MANCHESTER, England: If Manchester City wants to finally win a first Champions League title, it will have to start taking the competition a bit more seriously — on and off the field.
Surrounded by swathes of empty seats in the Etihad Stadium, City’s players were humbled 2-1 by Lyon in a sloppy and apathetic display at the start of their European campaign on Wednesday.
Banned from the touchline and unable to communicate with the bench, City manager Pep Guardiola did fill one seat in the stands and he saw his Premier League champions easily picked apart by the French visitors.
“We felt under threat every time we lost the ball and sometimes that brings the confidence a little bit lower,” said City assistant manager Mikel Arteta, who was in charge on the bench in Guardiola’s absence.
Errors by midfielder Fernandinho led to both Lyon goals, typifying how careless City was against a team that finished third in the French league last season and was even held to a draw at the weekend by 10-man Caen.
When a pass by the Brazilian midfielder was intercepted around the halfway line, Lyon charged forward. Nabil Fekir sent in a cross from the left that evaded Fabian Delph’s swinging legs, allowing Maxwel Cornet to slot it home in the 26th minute. Delph held his head in his hands as the consequences of his mistake became clear.
City’s troubles deepened when Fernandinho was caught in possession again. Memphis Depay set Fekir on a run and the forward doubled Lyon’s lead in the 43rd by striking through the legs of John Stones.
“It was a difficult game,” said Depay, who struggled to make an impact at Manchester United before leaving after two seasons in 2017. “But when we had the ball we tried to play and when we won the ball we tried to counterattack.”
Perhaps the only reason for City to feel aggrieved in the first half was Gabriel Jesus being denied a penalty when he was tripped by former Manchester United defender Rafael da Silva just before Depay scored.
“To concede two goals like we did is very frustrating,” Stones said. “We came in at halftime a bit deflated I think.
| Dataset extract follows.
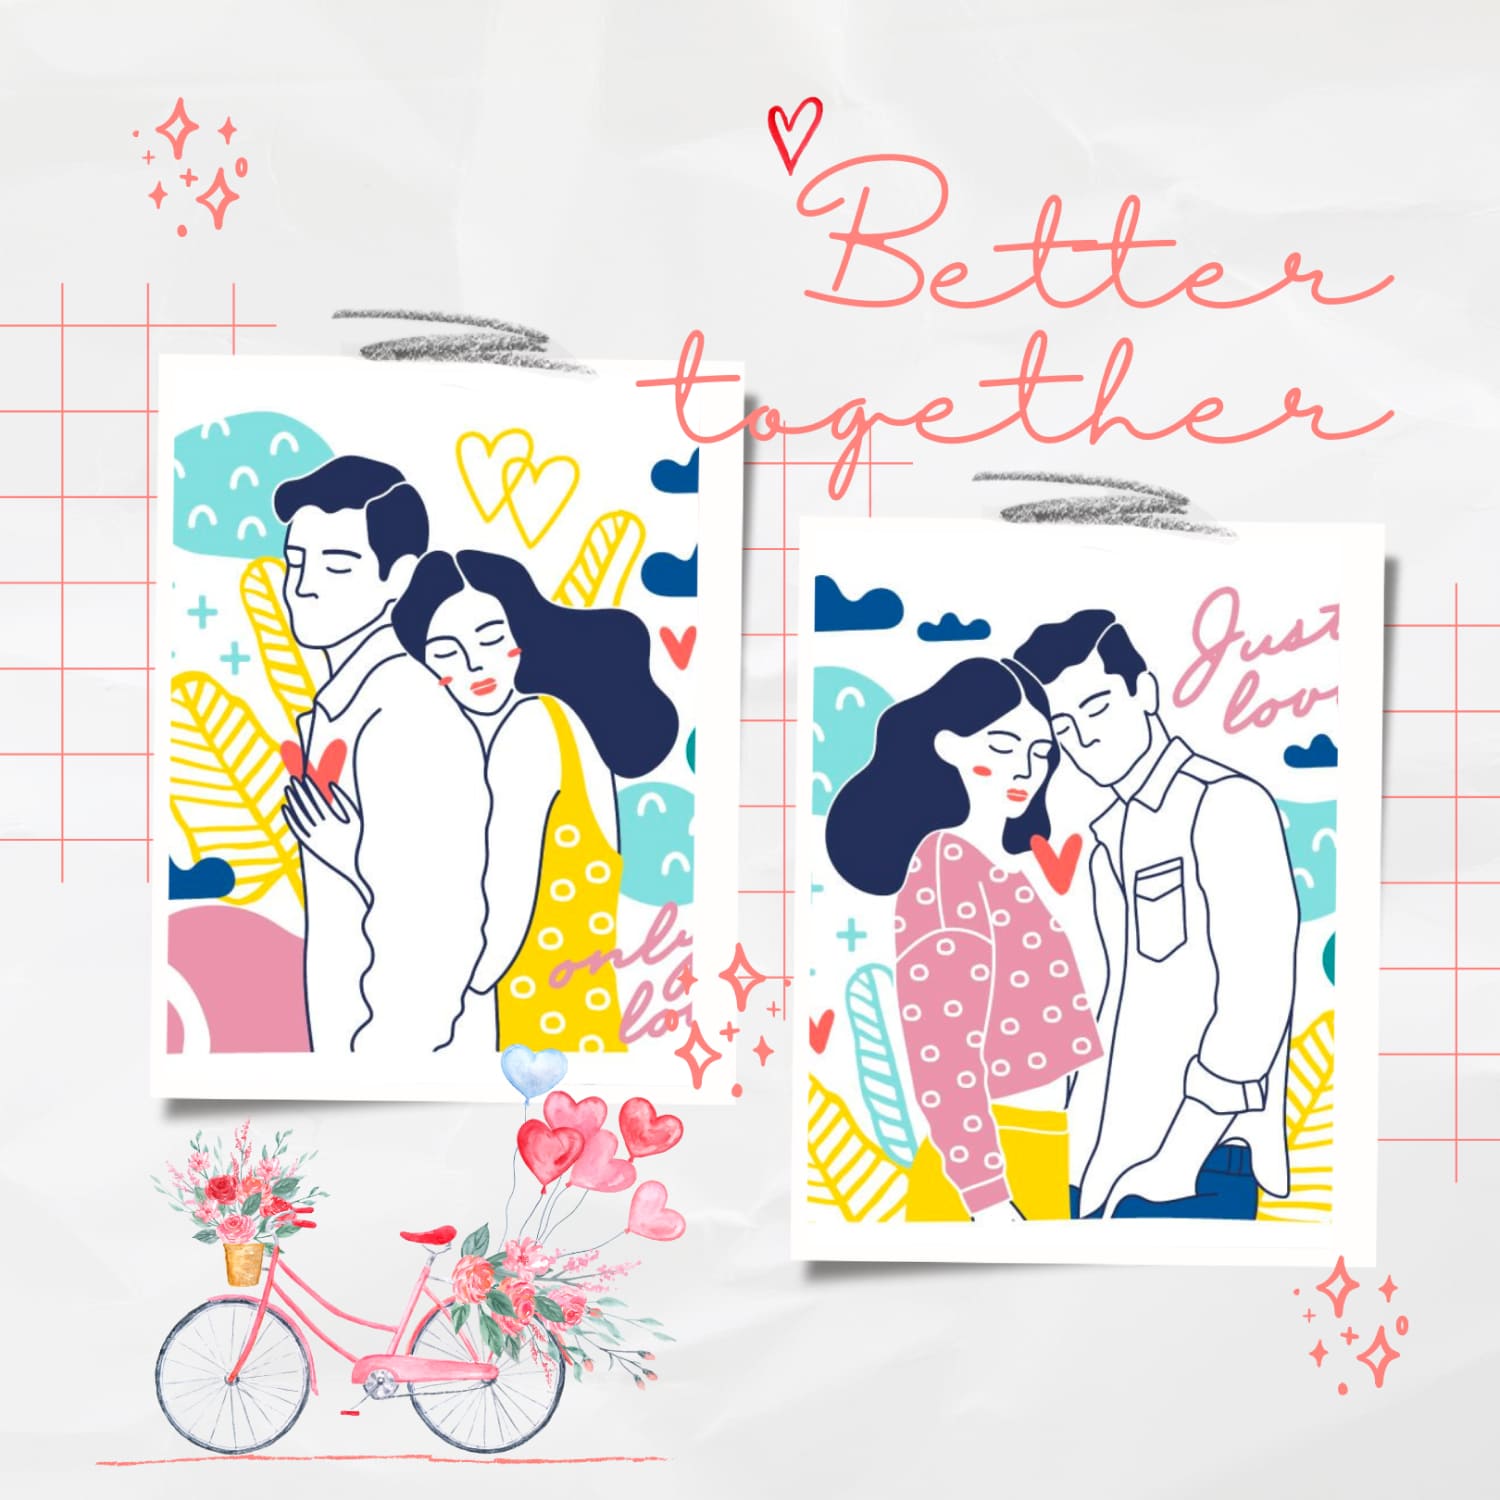 Better Together | Couples in love - main image preview.

But we picked ourselves up and we came out second half fighting and played a better second half.”
But the improvement wasn’t sufficient.
City pulled one back in the 67th when Bernardo Silva scored from substitute Leroy Sane’s cutback. But the attacking threat was too patchy from a City side that won the Premier League with a record 100 points only four months ago, and are widely seen as one of the big favorites in this season’s Champions League.
“I suffered as I was scared they’d score a second goal,” Lyon coach Bruno Genesio said. “We would have taken 2-2 before the match but given the way the game went we’d have been disappointed not to leave with the three points.”
With Hoffenheim and Shakhtar Donetsk also in Group F, City appeared to have one of the kinder draws but is now playing catch-up.
Celebrating a decade under Abu Dhabi ownership, which allowed City to assemble a squad for more than $1 billion, the Champions League is the one big prize the club has yet to win.
But City fans still have a fraught relationship with Europe’s premier competition.